Czarnuszka butla to nie koniec świata..wazne ze zdolalas przez pierwsze najważniejsze 2 mce kamic Krysianka!! :-)

Co do przwijania ja przestalam przwijac:sorry2: kiedys przwijalam raz w nocy i jak uslyszalam kupsztala ale moja nie lubi przwijania:dry: zwlaszcza zimnych chusteczek jak jej po tylku przejechalam to od razu sie rozbudzala i plakala...dlatego jak tylko uslysze ze kupe walnie i sie rozbudzi sama jak ja kola meczy to przwine ale żadko...poki co dzis wytrzymala 10 godzin w pieluszce i żyje:-) a PUPA PIĘKNA... zero odparzen czy zaczerwien:-D

Moja mała wczoraj odkryła swoje rączki :-D:-D:-D rozkoszny urok jak ćlamka i mlaska swoje piąsteczki:-) ale zabawek jeszcze nie chwyta..ale ma na to czas;-)
MOj tez ostatnio odkrył ze ma rączki i probuje je dwie naraz wsadzic do buźki ....slodziusie takie hihi
 
Mój starszy synek dostał butle tylko kilka razy w szpitalu i potem już nie chciał piersi.
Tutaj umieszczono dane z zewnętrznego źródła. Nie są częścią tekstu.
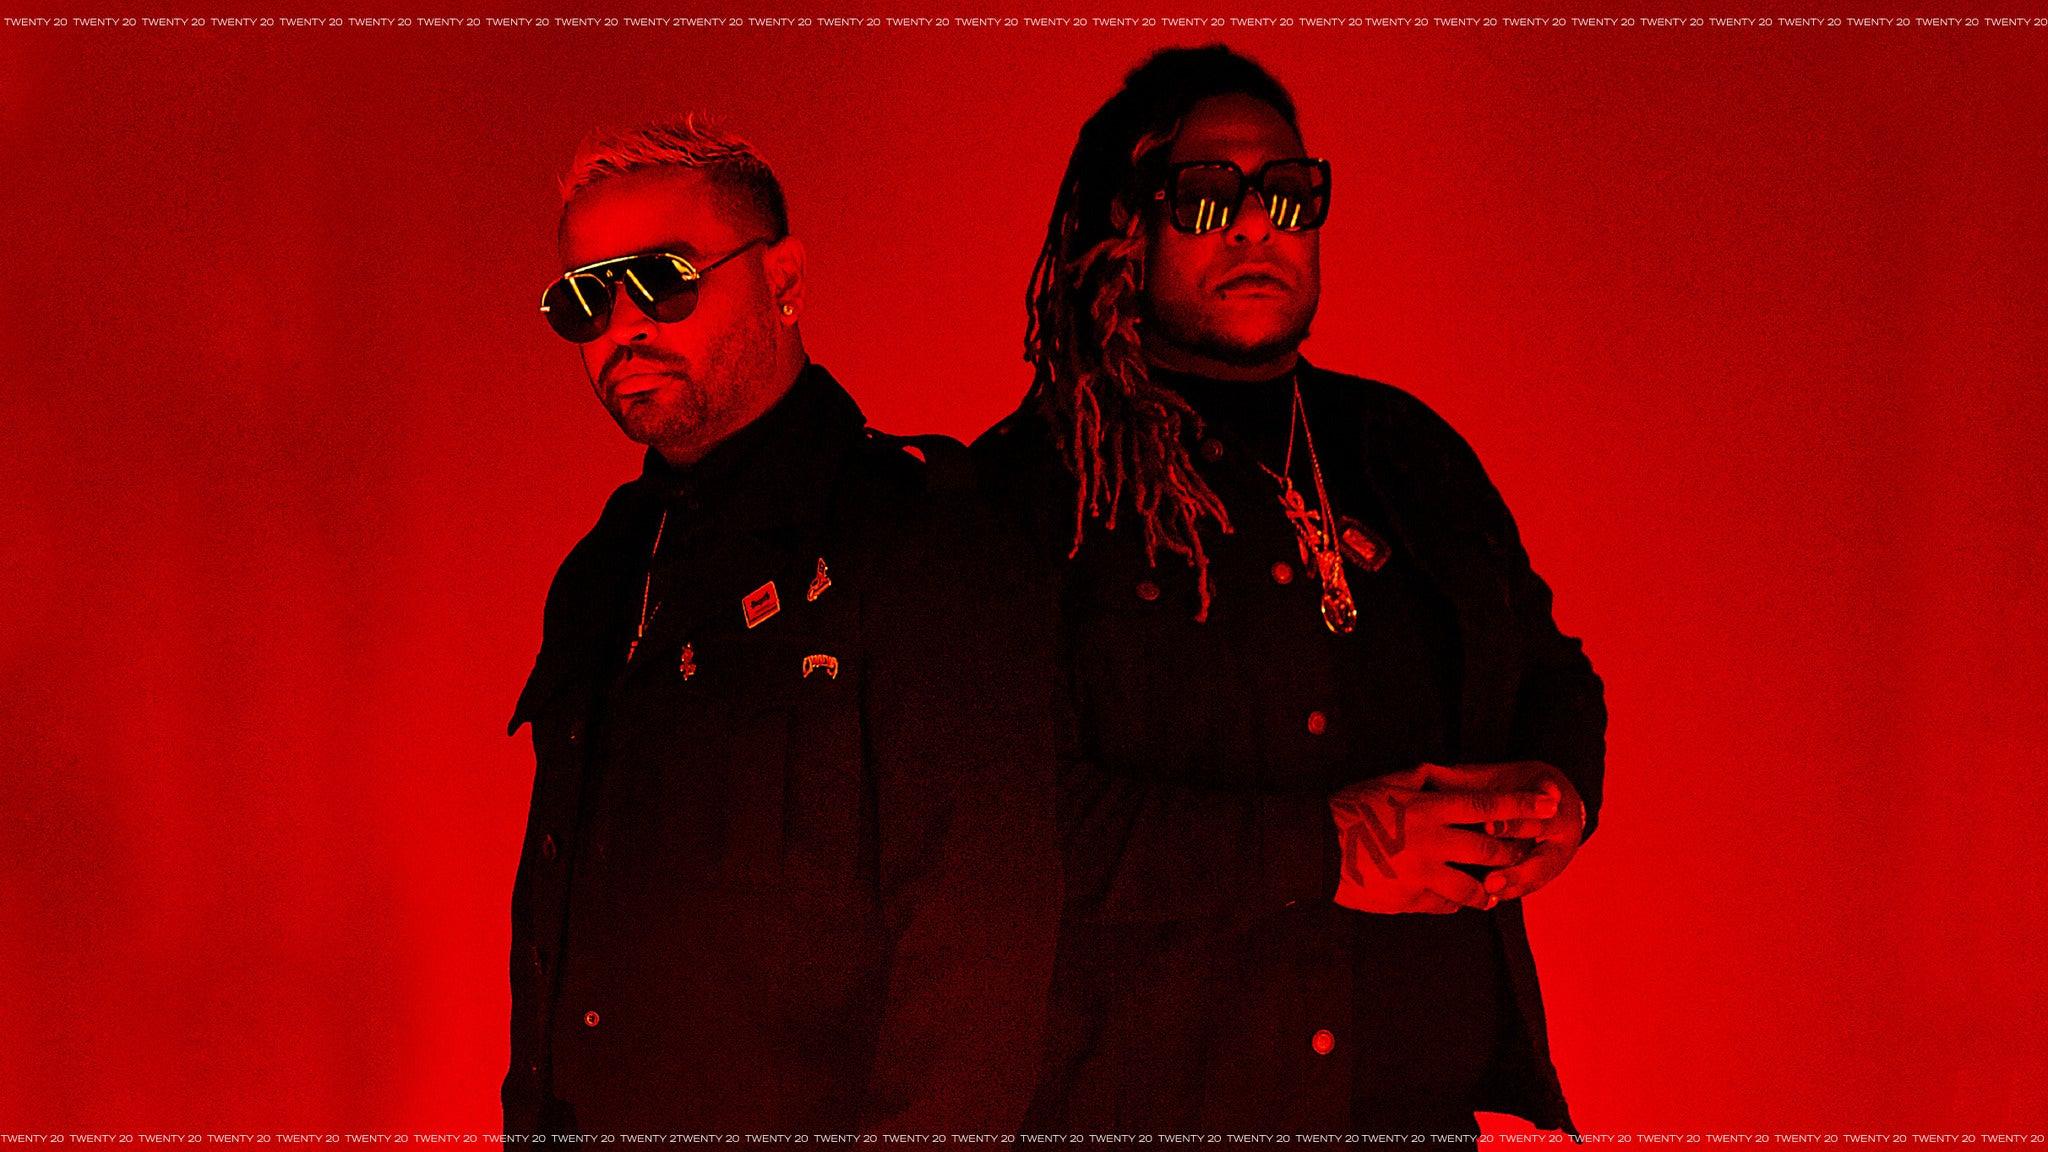 Zion & Lennox - Iconic Usa Tour 2020 at EagleBank Arena

Skończyło się tak jak u dziewczyn - odciąganie, po 6 tygodniach dokarmianie i po 3 miesiącach całkowicie przeszłam na mm. Tym razem wybrałam szpital, w którym nie ma zwyczaju dokarmiania bez potrzeby, świadomie nie kupiłam laktatora i póki co Adaś nie zna butli w ogóle. A półroczne dziecko to już może wiele rzeczy zjeść łyżeczką, pić może z niekapka, więc wg mnie nie ma potrzeby go męczyć butelką jak nie lubi :sorry2:

No jasne zgadzam się pół roczne tak ale jak miał trzy, cztery miesiące było to samo i wtedy było natrudniej bo przy własnej działalności niestety trzeba było zostawić maluszka czasem na dłużej. Mój synek lubi i butelkę i pierś ale wiadomo że każde dziecko jest inne i różnie to bywa.

Ja w nocy przewijam tylko raz. A jak się rozbudzi, to daję pierś jeszcze raz. Poza tym mały większość nocy spędza u nas w łóżku, więc karmię go prawie na śnie ;)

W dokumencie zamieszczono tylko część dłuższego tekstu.